The nervous system generates behavior through the coordinate activity of neural circuits. Our long-term goal is to understand how sex-specific behaviors are encoded by neural circuits. We are pursuing this research in the mouse, which permits a genetic, anatomic and functional analysis of sexually dimorphic behaviors in mammals. Examples of sex differences in mouse behavior include mating, aggression and nursing. Such behaviors can be observed in naïve animals without prior learning, suggesting that the underlying neural circuits are developmentally hard-wired. We exploit this developmental programming to identify and manipulate neurons that influence sex-specific behaviors.
Sexual dimorphisms in behavior can result from sex differences in neuronal connectivity or from differences in neuronal gene expression. Either mechanism can impart sex-specific electrical activity to neural circuits, leading to dimorphic behaviors. One set of projects in the lab focuses on identifying such anatomic or molecular sexual dimorphisms in the brain. Testosterone and its cognate receptor, the androgen receptor, are required for male-specific behaviors. Neurons expressing the androgen receptor are likely to be responsive to testosterone and therefore to influence dimorphic behaviors. Using a genetic approach we have labeled androgen receptor expressing neurons such that we can visualize the cell bodies as well as the processes of these neurons. This study reveals striking sexual dimorphism in androgen receptor expression in discrete brain regions, including previously identified as well as novel areas.
Progesterone and estradiol are required for female-specific behaviors. We are using a similar genetic approach to label neuronal subsets that express receptors for these steroids. We expect to uncover sex differences in several regions expressing these receptors, indicating areas that may influence female behaviors. Several lines of evidence suggest that estradiol signaling is required for both male- and female-specific behaviors. Does estradiol act on distinct brain regions to effect male- and female-specific behaviors? In addition, what is the nature of the interaction between testosterone- and estradiol- signaling in the control of male behaviors? These and related issues are the focus of developmental studies using a genetic approach.

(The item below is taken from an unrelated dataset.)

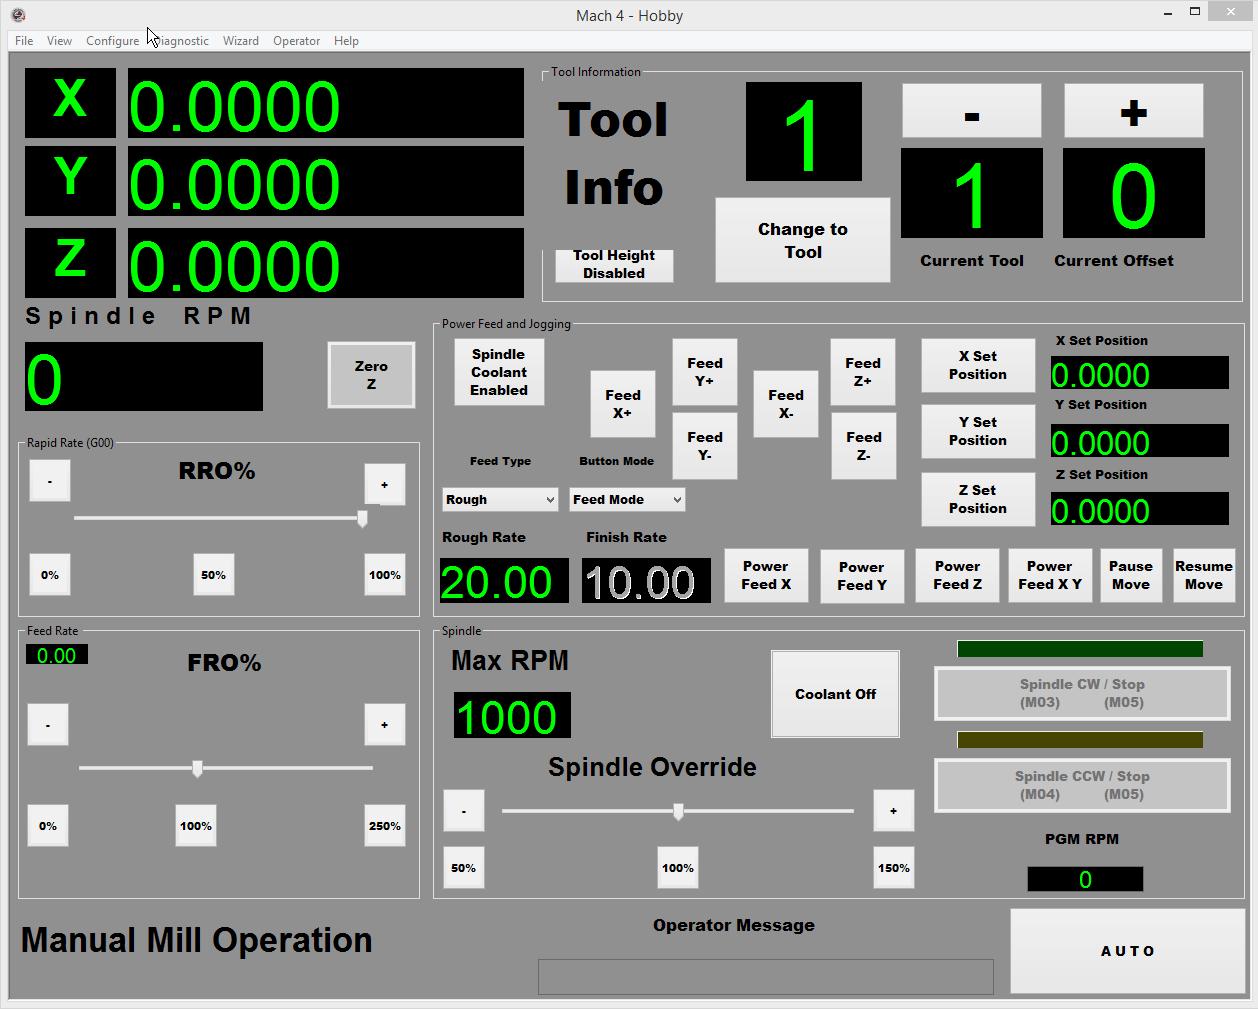 Mach4 Manual Mill Screen

We plan to use several strategies, including microarray technology, to uncover dimorphic gene expression patterns in the brain. Such studies will highlight additional neuronal groups likely to influence dimorphic behaviors and will also enable us to use these genes as molecular tools to manipulate neurons genetically in future experiments.
What is the behavioral contribution of sexual dimorphisms in the brain? We are designing genetic strategies that afford inducible and regionally restricted ablation or silencing of dimorphic neuronal subsets. In an effort to reveal the pathways in which these dimorphic neurons participate we will utilize established as well as novel genetic trans-synaptic tracers. These experiments will highlight the functional relevance of neuronal dimorphisms and reveal the pathways engaged during sex-specific behaviors. In mice sex-specific behaviors are regulated mainly by olfactory cues and hormonal signals. Our studies should ultimately provide an anatomic and functional link between hormonal and sensory cues and sexually dimorphic behaviors.